The study population was derived from national surveys from 1985 to 2010, and a consistent stratified cluster sampling procedure and method of measurement contributed to the comparability of the data from different survey years.

We provided the prevalence of obesity and overweight using both the WHO and International Obesity Task Force definitions at the national level, making international comparisons possible.

This is one of the largest reports in Asian children on gender disparity related to the temporal change in obesity and overweight prevalence in urban and rural areas, thus providing new information about OR prevalence trends for obesity in boys versus girls.

Some 15–18-year-old adolescents who could not attend senior high school were not investigated in the school-based national survey.

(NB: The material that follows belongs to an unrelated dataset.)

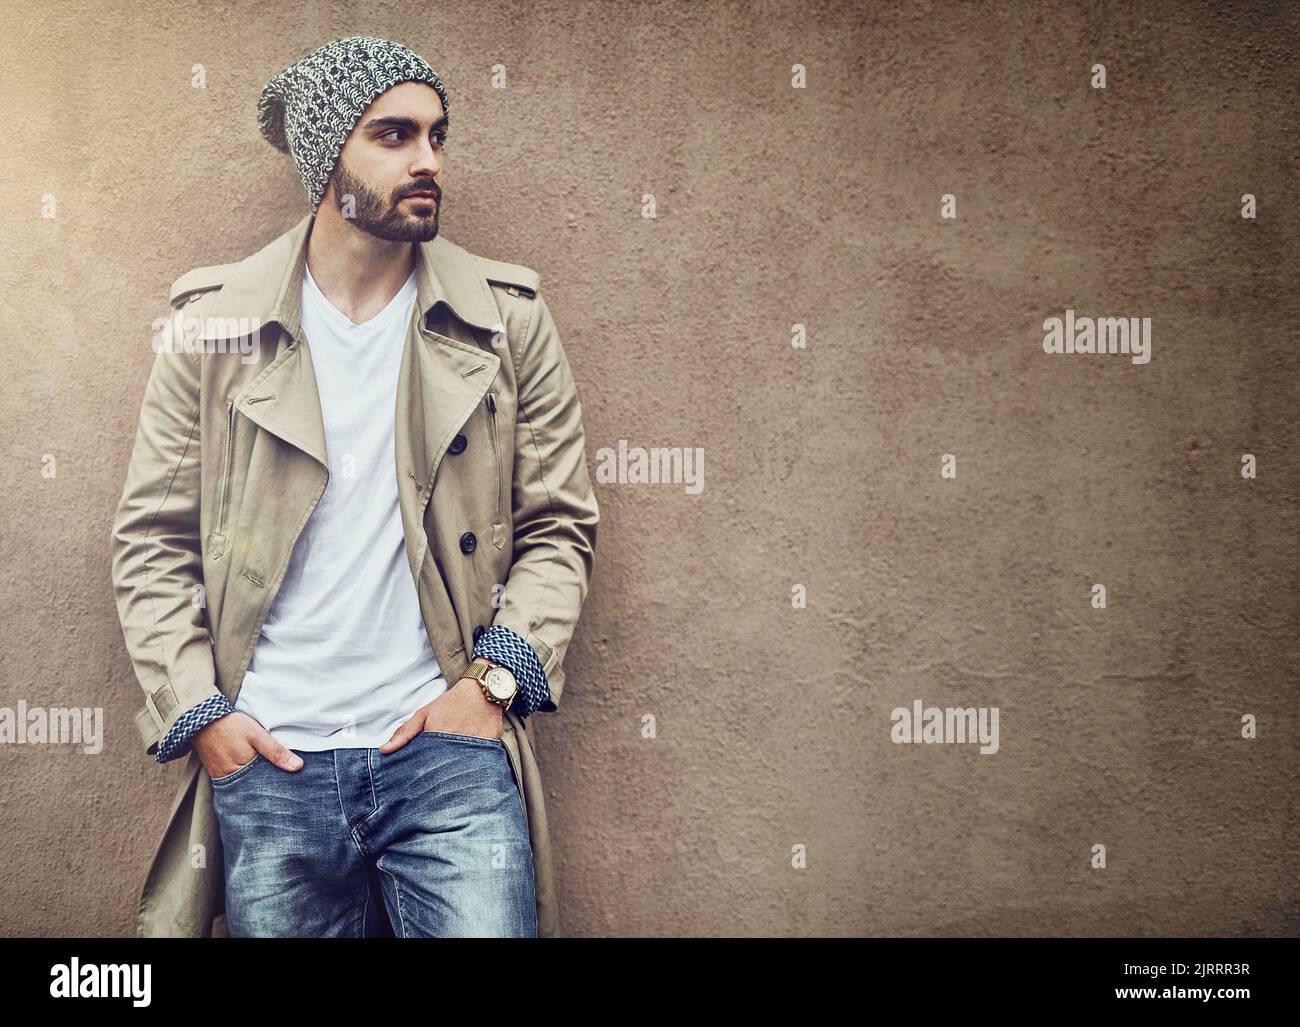 Nothing completes streetwear style than swag. a fashionable young man wearing urban wear and posing against a brown wall. Stock Photo

Some risk factors that were not measured in this study, such as family income, parents' body mass index and number of siblings, may also contribute to the trends in obesity.

Introduction

Childhood obesity is becoming a topic of great concern due to the rising prevalence of this condition across the globe.1–3 A previous study predicted that by 2010, over 40% of children in the North American and Eastern Mediterranean WHO regions, 38% in the European region, 27% in the Western Pacific region and 22% in the South-East Asian region would be overweight/obese.4 China has now joined the world epidemic of obesity, in which the prevalence of childhood overweight has markedly increased from 1.11% in 1985 to 9.62% in 2010, while the prevalence of childhood obesity increased from 0.13% in 1985 to 4.95% in 2010.5

Worldwide, the combined prevalence of overweight and obesity rose by 47.1% for children between 1980 and 2013.6 Since 1980, the prevalence of overweight and obesity in developed countries has increased from 16.9% to 23.8% in boys and 16.2% to 22.6% in girls; similarly, the prevalence has also increased in developing countries from 8.1% to 12.9% in boys and from 8.4% to 13.4% in girls.6 Although the obesity prevalence in either boys or girls has markedly increased in different parts of the world, gender differences in prevalence have been observed. In contrast to the USA, UK and Cuba, in many countries or regions, such as Belgium, Canada, Greece, India, Japan, mainland China and East Asia, the prevalence of obesity in boys is higher than that in girls.6–7 Previous studies showed that gender differences in secular trends in obesity varied in different regions, ethnicities and populations,8–9 but few of them focused on how gender disparities in obesity change over time. In China, it has been reported that urban children were more susceptible to obesity than rural children,10–11 and the changing pace of obesity prevalence was faster in boys than in girls in urban Chinese children.11 However, the question still remains as to whether this trend exists in rural areas in China and how gender disparities in obesity and overweight change over time in urban and rural areas. This study may therefore have implications for health policymakers and researchers considering targeted intervention strategies for obesity prevention.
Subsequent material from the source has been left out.